В конце 1742 г. Тайной канцелярии пришлось начать розыск еще по
одному делу, едва ли не самому серьезному из всех, которыми она когда-либо
занималась: императрица Елизавета Петровна назначила наследником российского
престола принца голштейн-готторпского (будущего Петра III), сына
ее родной сестры ¾
герцогини Анны Петровны.
И вот создался обширный заговор, целью которого было
добиться назначения наследником Иоанна Антоновича, уже занимавшего престол
после Анны Иоанновны.
Тайная канцелярия бросила иноземцев и всецело отдалась
ловле русских, стремившихся к изменению порядка престолонаследия. И снова,
наряду с серьезными арестами и допросами, начались курьезы, нередко кончавшиеся
трагически. Пример тому — дело прапорщика
Бугрова.
Началось с пустяков: прапорщик очень любил выпить и не
пропускал ни одного сколько-нибудь удобного случая, когда можно напиться до
бесчувствия «на законном основании».
Такой случай ему представился накануне Троицына дня. По
его глубокому убеждению, всякий верующий человек должен встречать праздник в
радости, то есть в подпитии.
Проснувшись утром в праздник, «верующий человек» сделал
неприятное открытие: добрая баклага вина, оставленная им накануне на похмелье,
исчезла неведомо куда. Впрочем, не совсем неведомо, ибо прапорщик имел веские
основания подозревать в похищении драгоценной посудины свою жену, постоянно
ругавшую его за пьянство. Он «со всею вежливостью» обратился к жене дать ему
похмелиться, но та решительно отказала.
Жил прапорщик в своей крошечной усадьбе, кабаков
поблизости не было, вином приходилось запасаться загодя и, таким образом,
оставалось надеяться единственно на милость жены. Но та была неумолима. Тогда
огорченный супруг прибегнул к испытанному средству: набросился на жену с
кулаками. Но она отлично знала его привычки и, со своей стороны, приняла меры:
схватила ухват и стала обороняться. Битва грозила принять серьезные размеры,
единственной свидетельницей вооруженного столкновения была служанка Авдотья
Васильева. Опасаясь, что господа изувечат друг друга, она выбежала на крыльцо и
отчаянным голосом стала звать единственного дворового человека Бугровых,
Василия Замятина. Когда последний вошел в комнаты, там уже наступило перемирие,
прапорщик лежал на печи, а жена его сидела на лавке и причитала:
— И чего ты пьешь
да буянишь, аспид ты окаянный! Пьешь да безобразничаешь, в среду да в пятницу
блудишь, и никакой пропасти на тебя нет. Чай, ни один басурман поганый того не
делает!
— Ан врешь! — мрачно отозвался с печи жаждавший
опохмелиться Бугров. — Басурмане еще и не
то делают. Вот, пожди, навяжут нам в цари басурмана голштинского, коли не
удастся отстоять батюшку Ивана Антоныча, тогда и ты обасурманишься...

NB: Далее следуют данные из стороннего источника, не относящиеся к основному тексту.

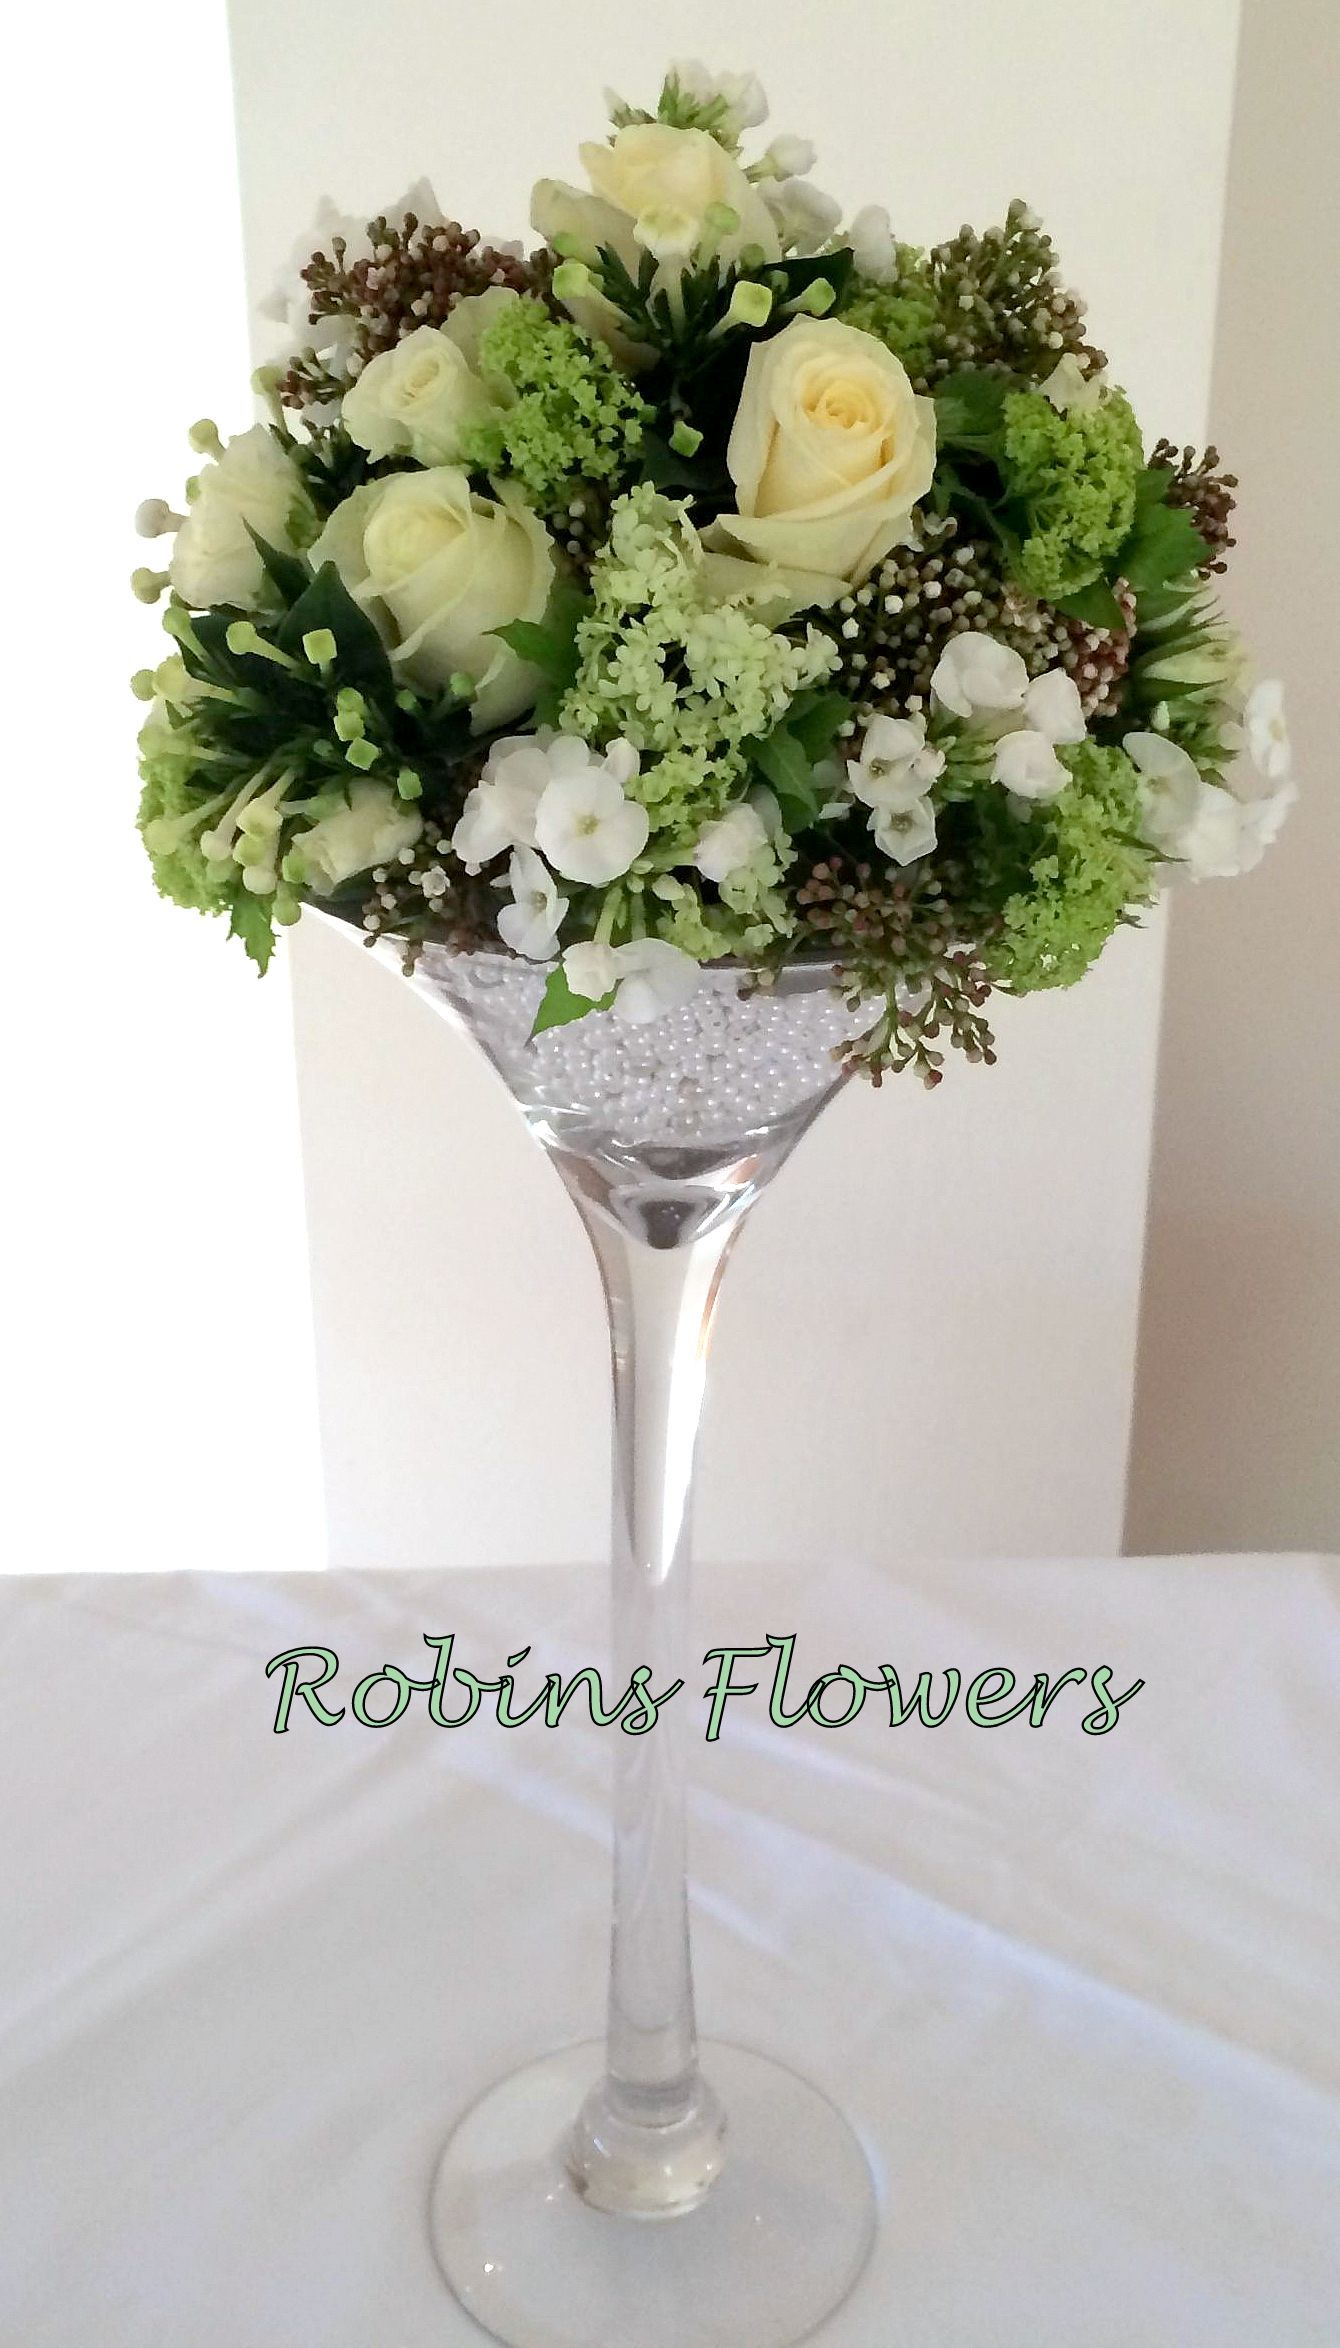 Martini Vase for Weddings | Decorations | Pinterest | Weddings ...

Замятин обомлел. Еще накануне проезжий офицер читал в
деревне бумагу, чтобы все, кому ведомы речи, супротивные назначенному
государыней наследнику, о тех речах немедля доносили начальству. За праведный
донос бумага сулила всякие милости, а за утайку
— кнут да рваные ноздри. Поразмыслив, мужичок отправился в деревню
посоветоваться с друзьями и пропал. А через неделю наехало на хуторок всякое
начальство, посадило прапорщика с женой в телегу и повезли их прямо в Петербург.
Начался допрос, и, по обычаю, «с пристрастием». При
первом же вздергивании на дыбу Бугров повинился, подробно рассказал, как было
дело, и клялся, что «иных важных предерзостных и непристойных слов ни допрежь,
ни после того не было; про наследника с женой никогда не говаривал, а что им
сказано, то спроста да спьяну, а ни в какую силу».
Все-таки «для прилику» прапорщика несколько раз подняли
на дыбу, а жену его допросили даже без пытки, и ограничились тем, что ввели ее
в застенок, где она сразу упала в обморок.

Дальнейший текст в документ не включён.